Sometimes multiple sources fail at once. Maybe GitHub is having an incident, or your IP got rate-limited across several APIs. You need to know when your briefing is incomplete rather than getting a confident-sounding summary based on 30% of your usual data.

def should_send_briefing(results: list[FetchResult]) -> tuple[bool, str]:
    healthy = [r for r in results if r.is_healthy]
    total = len(results)
    health_ratio = len(healthy) / total if total > 0 else 0

    if health_ratio < 0.5:
        # More than half the sources failed — don't send a misleading briefing
        failed = [r.source for r in results if not r.is_healthy]
        return False, f"Skipping briefing: {len(failed)}/{total} sources unhealthy"

    if health_ratio < 0.8:
        # Some sources failed — send but with a warning header
        failed = [r.source for r in results if not r.is_healthy]
        return True, f"⚠️ Partial briefing: {', '.join(failed)} unavailable"

    return True, "All sources healthy"

This is the difference between a toy project and something you actually rely on. Without this, you'll eventually make a decision based on absence of information — "I didn't see any security advisories" when really your security feed was down.

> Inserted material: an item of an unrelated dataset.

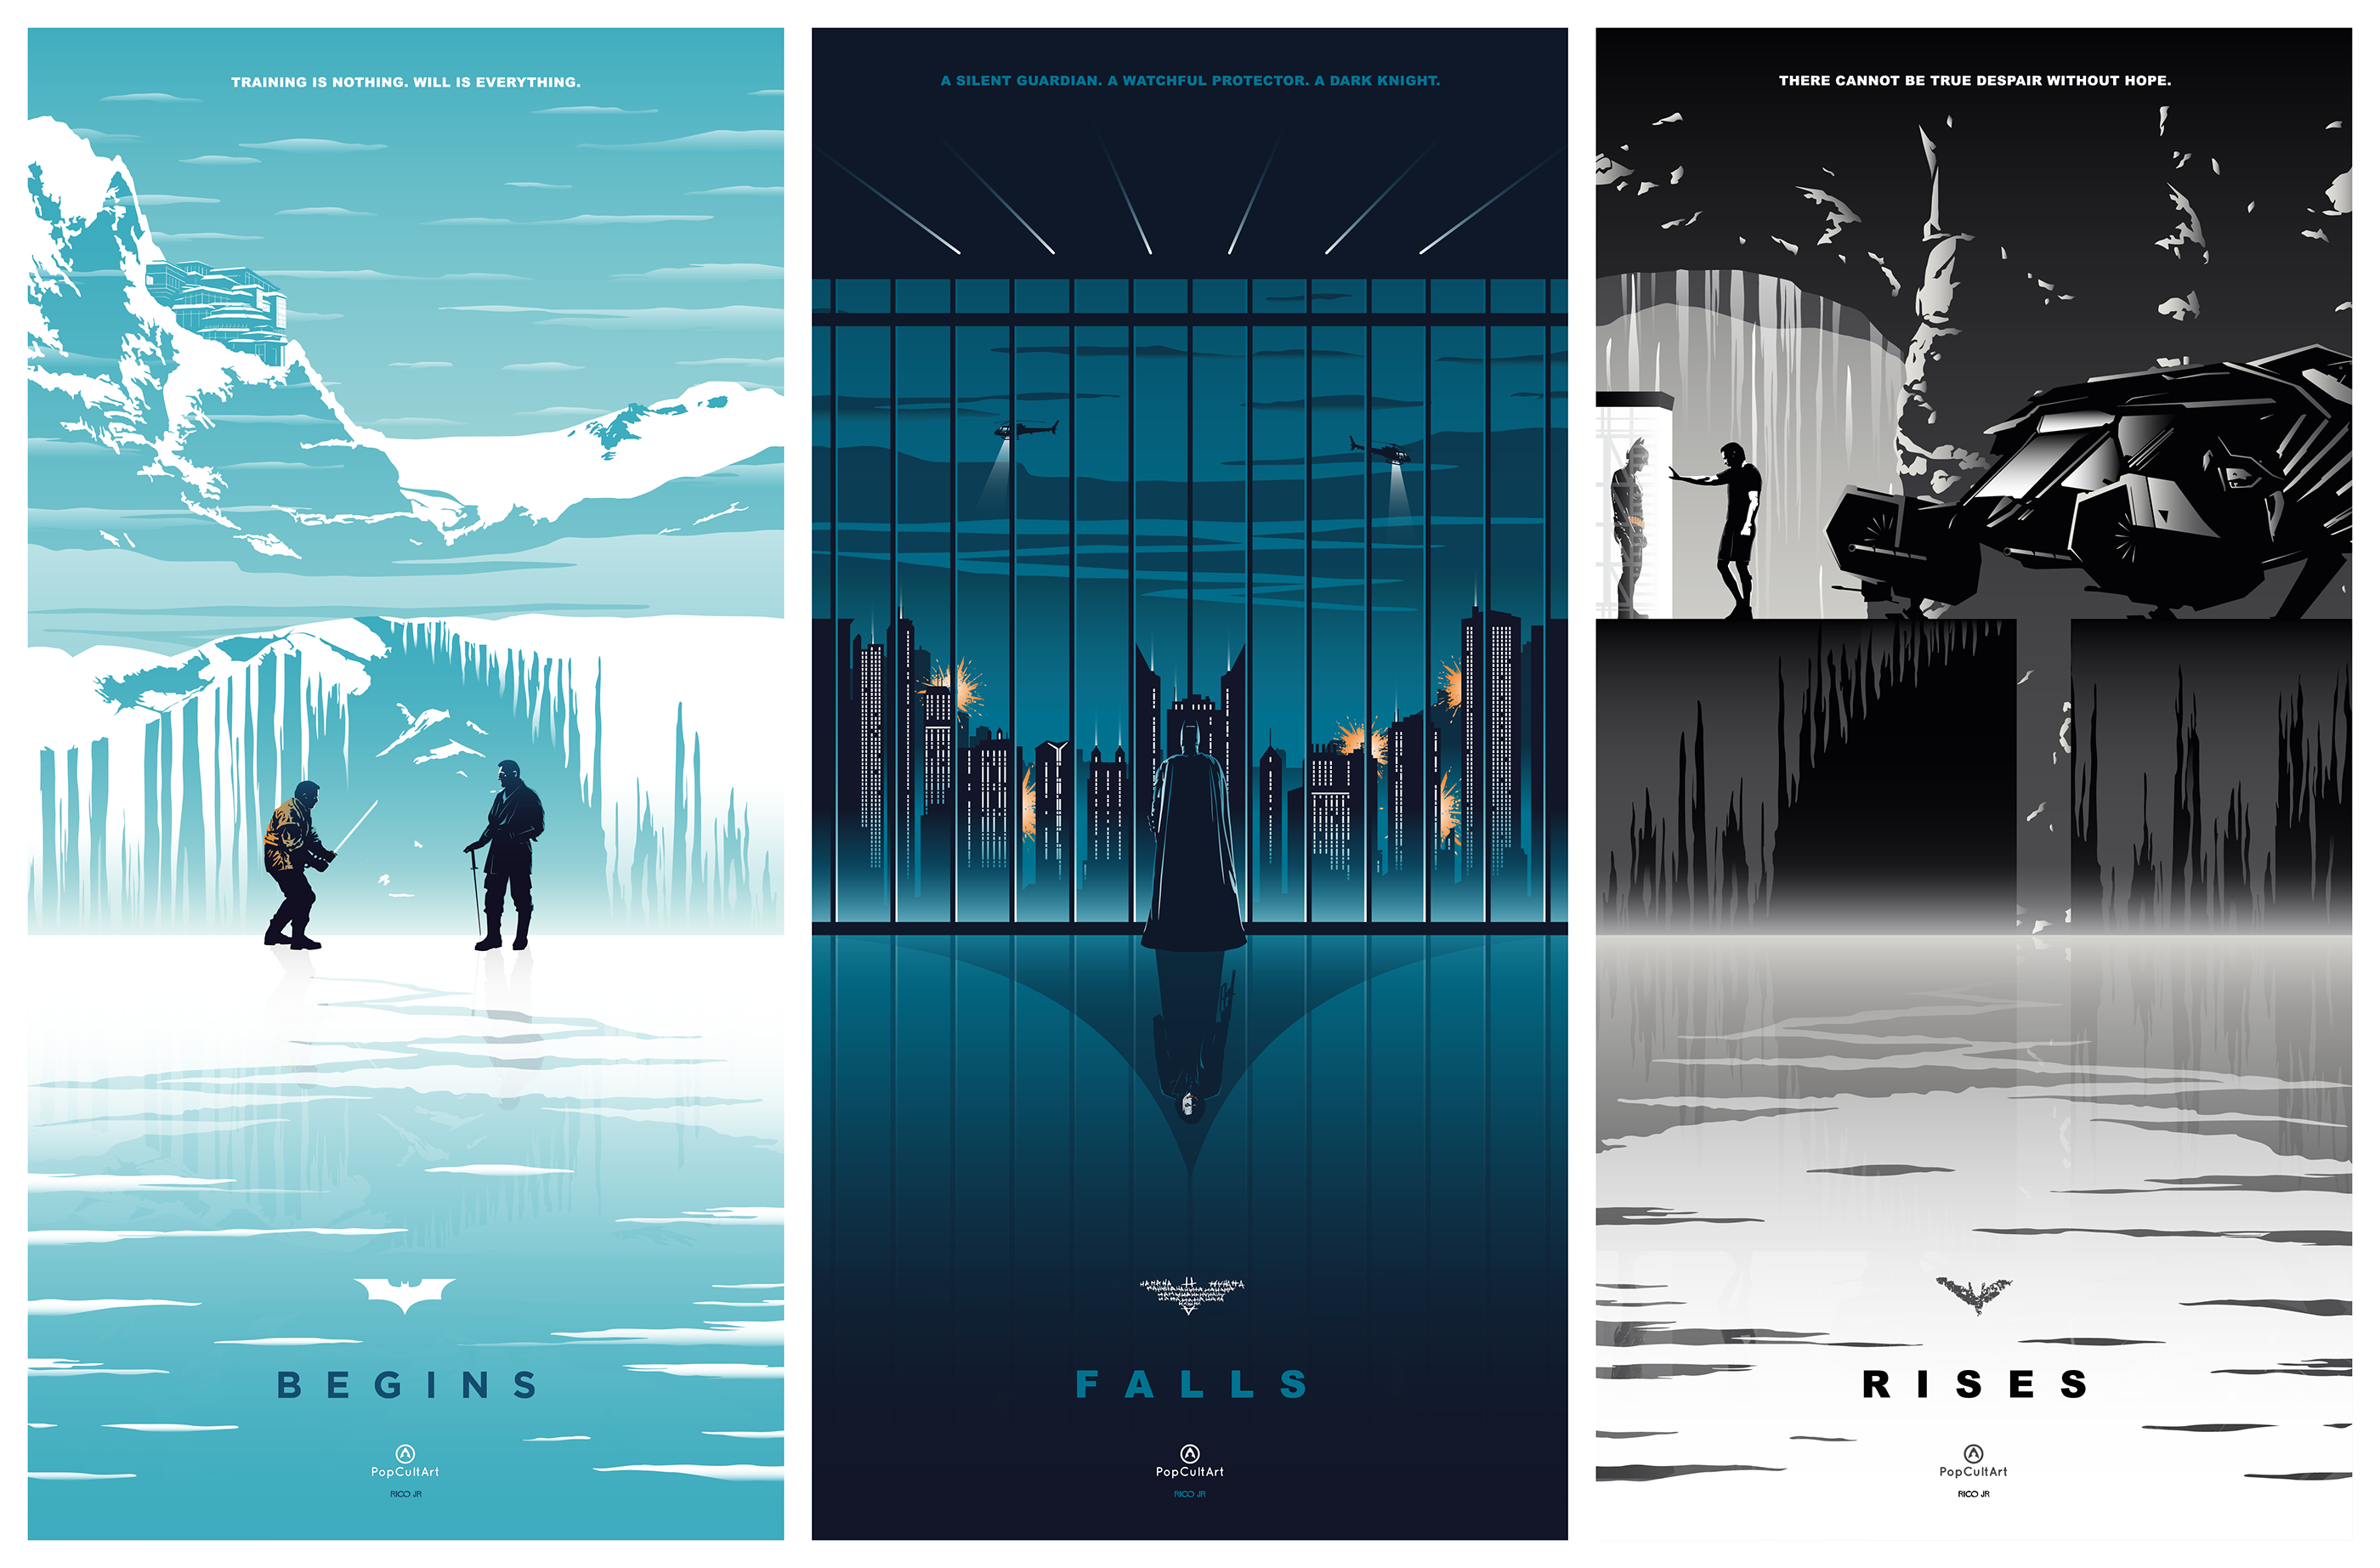 batman trilogy wallpapers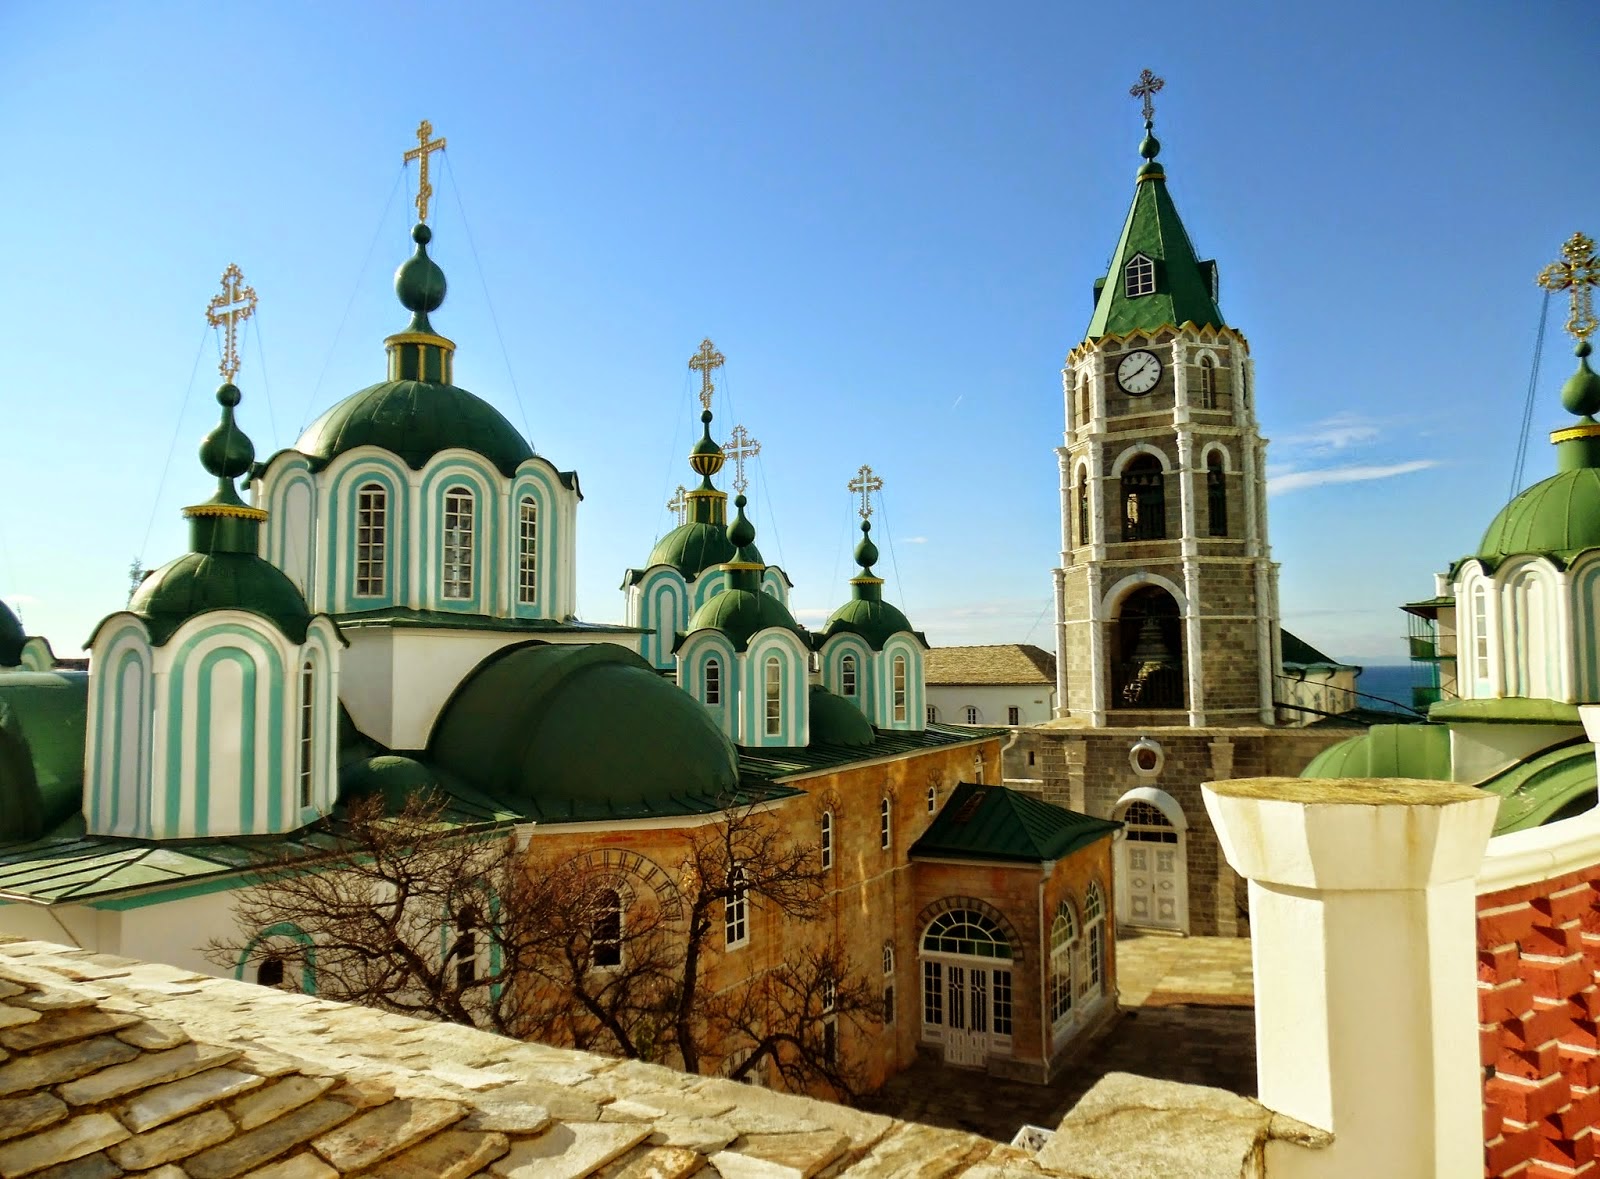 5844 - Φωτογραφίες του κωδωνοστασίου της Ρωσικής Μονής του Αγίου Παντελεήμονος στο Άγιο Όρος - Φωτογραφία 3

Prevention: Making It Observable

After getting burned enough times, I added a few things that seem obvious in retrospect:

Log source health daily — even when everything is fine. When something breaks, you want history to spot the trend.
Track item counts per source over time. A feed that usually gives you 15 items but suddenly gives you 2 is probably broken, even if those 2 items are valid.
Send yourself the health report, not just the briefing. I have mine append a footer like "12 sources checked, 11 healthy, 47 items processed, 18 included."
Version your prompts. When you tweak the scoring rubric, keep the old one around. You'll want to A/B test whether your changes actually improved relevance.

The Bigger Lesson

The pattern here applies way beyond news aggregation. Any pipeline where you're pulling data from multiple external sources, processing it, and making decisions based on the output has the same failure modes. Data pipelines, monitoring dashboards, CI/CD systems pulling from package registries — they all fail silently in the same ways.

The fix is always the same: treat the absence of data as a signal, not a non-event. A source returning zero results should be louder than a source returning a hundred. Build your health checks at the data layer, not the application layer, and make sure your system knows the difference between "nothing happened" and "I couldn't check."

I'm still iterating on my own setup, but these four patterns — health-checked fetchers, upstream deduplication, structured relevance scoring, and circuit breakers — have made it something I actually trust every morning instead of something I abandoned after a month.